Use substitution to evaluate the integral:

Answer 1

\[\int\limits_{0}^{\pi/2} sinxe^(cosx)dx \]

Answer 2

it is e^(cosx) I'm bad with the equation tool lol

Answer 3

\[\int_0^{\pi/2}\sin xe^{\cos x}\,dx\]
Setting \(u=\cos x\), you have \(-du=\sin x\,dx\), and so
\[\int_0^{\pi/2}\sin xe^{\cos x}\,dx=-\int_1^0e^u\,du=\int_0^1e^u\,du\]

Answer 4

Then what do we do? Substitute back in?

Answer 5

Or take integral. Confused

Answer 6

At this point you can simply integrate. \(\int e^u\,du=e^u+C\)

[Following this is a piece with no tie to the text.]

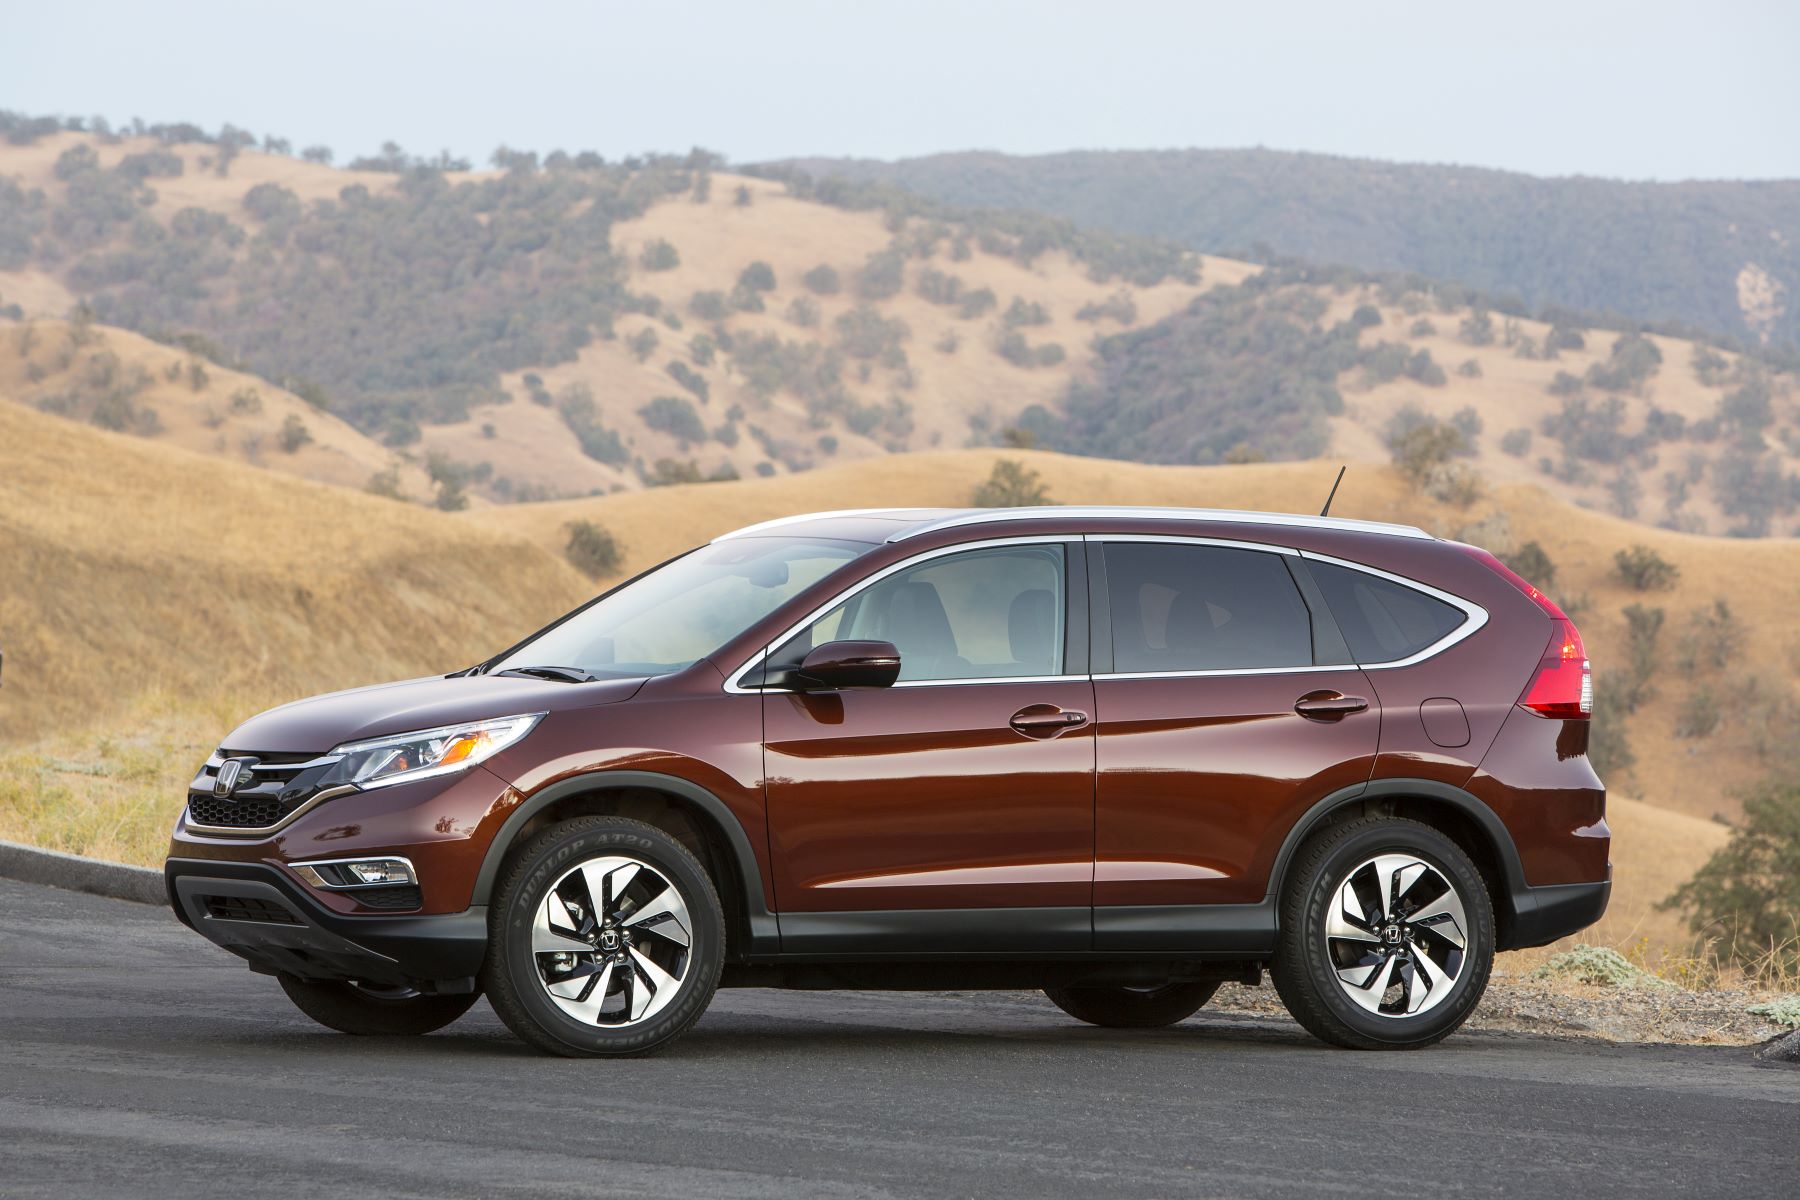 The 2015 Honda CR-V compact SUV model with a dark reed paint color option parked on an asphalt road near hills of yellow grass

It seems to me that the change of variables might have confused you? The first integral is with respect to \(x\) over the interval \(\left[0,\dfrac{\pi}{2}\right]\). When you change the variable, you also have to change the limits.

With \(u=\cos x\), for \(x=0\) we get \(u=\cos0=1\), and for \(x=\dfrac{\pi}{2}\) we get \(u=\cos\dfrac{\pi}{2}=0\). The negative sign accounts for the differential, \(du=-\sin x\,dx\). Then I use the property that \(\displaystyle -\int_b^a=\int_a^b\)

Now with
\[\int_0^1e^u\,du\]
you can simply find the antiderivative and apply the fundamental theorem of calculus.

Answer 7

Thank you so much!

Answer 8

You're welcome!